Recently, I learned one of my business mentors passed away. I won’t give you her name, because she was a surprisingly private person. No Facebook or Twitter on any online presence, even though she was of the generation (mine) where those things are most common. She was my boss years ago; two companies and three departments ago. I learned a lot from her, more than any manager before. Losing her made me stop and think about the good stuff she has taught me… stuff I think I will pass on to you.
Watch your stack of chips
This is about asking for, and cashing in on, favors. Let’s say you are late a few days a week, even by just a couple of minutes. Let’s say you take a sick day about every quarter. You don’t have many ‘chips’ left to cash in. Want to get out early this Friday to go see Star Wars? Not if you are in the above group. However, let’s say you are early every day, and hardly even take vacation. When you are that kind of employee, the boss is eager to help you out and give you a good break by looking the other way on policy.
For me, and my line of work, it is often customer credits. Do you max out your customer credit limit every week? Maybe it is $40, maybe it is $4,000. You consider yourself a customer advocate, doing right by them every chance you get. Are you saying “well, I certainly didn’t screw this up, but You aren’t seen that way, though. You are seen as someone who is wasteful of the company’s resources. Yes, we messed this up. BUT… we are still a business and still need to make a profit… or no one gets helped. When you see an epic screw up that was made, and you want the boss to foot $1200 to make this right… are you mister miser, or someone who hands out credits like it’s Christmas morning?

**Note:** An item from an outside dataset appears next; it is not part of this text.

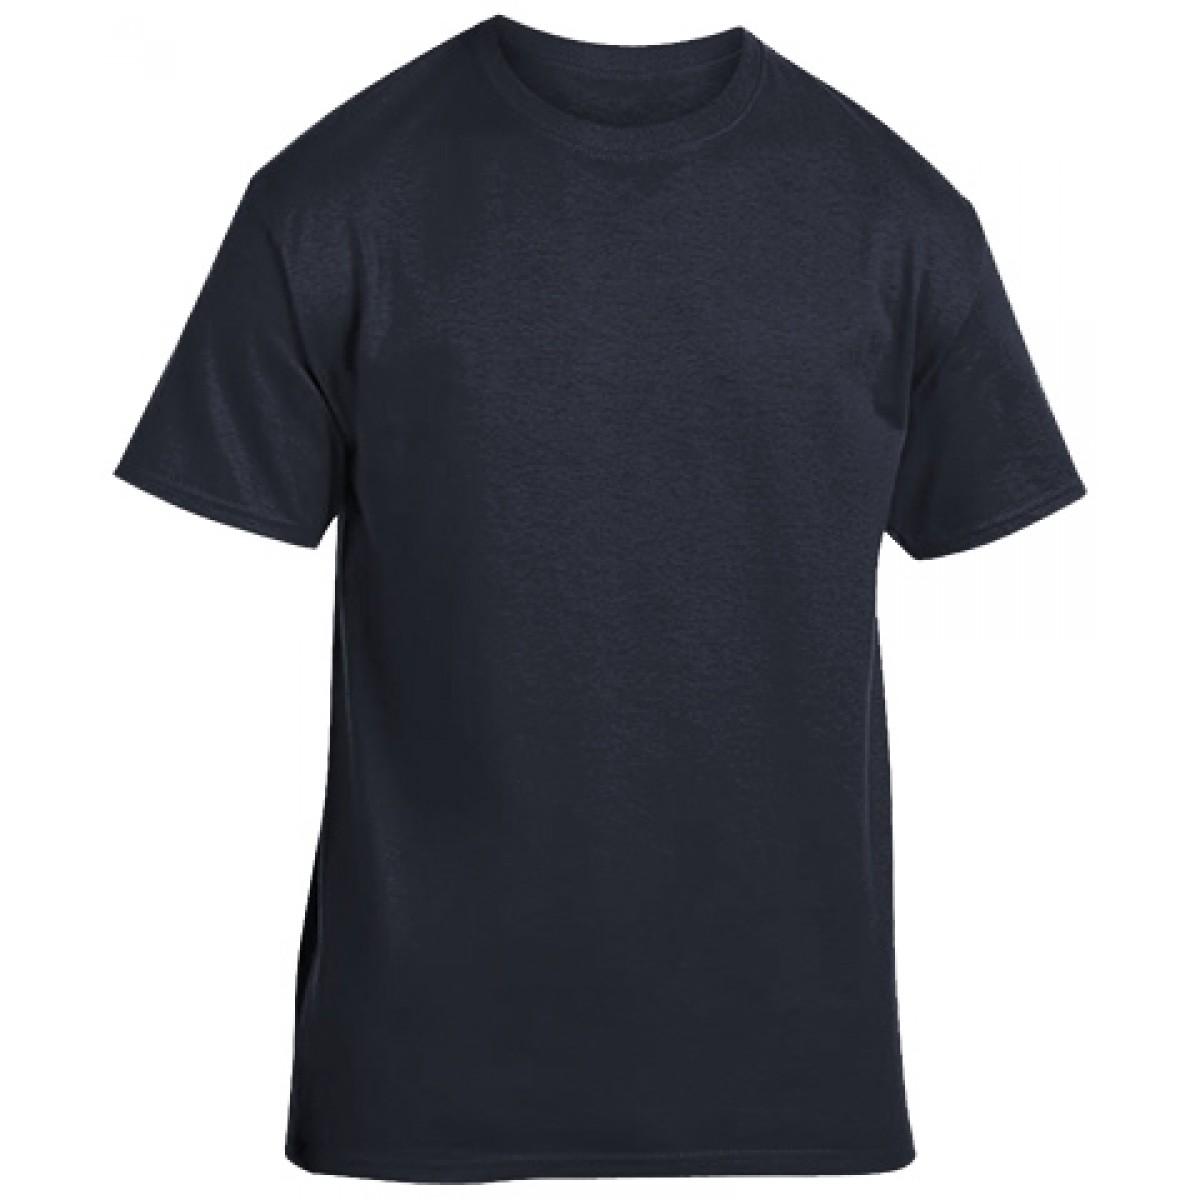 Soft 100% Cotton T-Shirt-Heather Navy-2XL

You are applying for your next job every day
They say ‘dress for the job you want, not the job you have’. Here is a better way she taught us to look at it. Every day, in every interaction, you are applying for that promotion. Are you agreeable and helpful always? Are you a drama queen that is always put upon, talking about the company in terms of ‘they’ all the time, instead of ‘we’? She said when people applied for a promotion that she worked with, she knew long before the interview if they should be promoted. In fact, she knew before you even posted for the job if you would get it. She knew if you were going to apply for it, even.
Speaking of that promotion, this aspect ties to the last two principles. Are you someone who applies for every promotion? If so, it shows you aren’t someone looking to better themselves in a new opportunity so much as someone who is dying to do anything else. See, posting for every job that comes up doesn’t say “I think I am ready to lead the new team of battery salespeople”. It says “oh my god, I am SO bored.” When you post to everything, people notice, and it can look sad and desperate. What should you do, then, when you find yourself in that situation? Talk to your manager when there is not a posting out. Be honest “I feel like I am stagnant in this position, and that I could do more for the company and myself in a new adventure. You have worked with me. Is there something you see in me that would help point me in a new direction? What can I be doing now to better prepare myself for that next step?”
You see, now when an opportunity comes up… they are thinking of you, and the initiative you took to be ready for the next level.
Influence the influencers
Whenever you roll out a change, you know people are going to bitch and moan. “They don’t even know what they are doing”, “they don’t even care what it is like to talk to these people” “who are these people who make these decisions on high, with no feet in the real world?” Don’t believe me? Step out to the smoking patio at every single company in America, and you will hear that within 30 seconds. For some reason, smokers are always the worst at this drama. My manager had a way to brilliantly head this off. Find the most influential drama maker… and rope them in early on the change. Sit them down, privately, and say “I value your opinion. You know the customer and the systems as well as anyone here. Here is what we are thinking. Do you think this will work? Is there anything we should tweak to make it a better employee experience? Here are the reasons why we think we should do this as a company”.
This works on so many levels, it is scary. First off, you get valuable feedback from the front line. It isn’t just an all hands/town hall meeting where the ‘suits’ stand up and give same speech. It is the boss saying “Ron, how do you think we should handle this?” With the feedback from the front line, you can make the roll out that much smoother for them. PLUS… Ron isn’t out bitching about how the managers have no idea what they are doing. PLUS… when people are bitching to Ron about the same, Ron will instead come back to his bitchy peers and say “no, actually it makes a lot of sense. We had to do X because of Y. I actually helped the development of the whole thing”. You neutralized Ron’s bitchiness, Ron is now spinning positively on your behalf to his peers about the change, and Ron feels like a real asset to the company, and on the inner sanctum of how the business actually runs.
I am sure there was much more, but just these three principals have guided me in business and in life. In short, take accountability, stop bitching, and be a positive and hard working presence. It will be noticed, appreciated, and will pay off.
It’s possible, of course, you have a sucky boss, and maybe you think little of this applies. However, it certainly doesn’t hurt. She had a great cartoon up in her office that said something to the effect of “multi-tasking just means you are doing many things poorly at the same time”
I am sad, and I miss my old boss. I am thankful for the business lessons she taught me… always by example.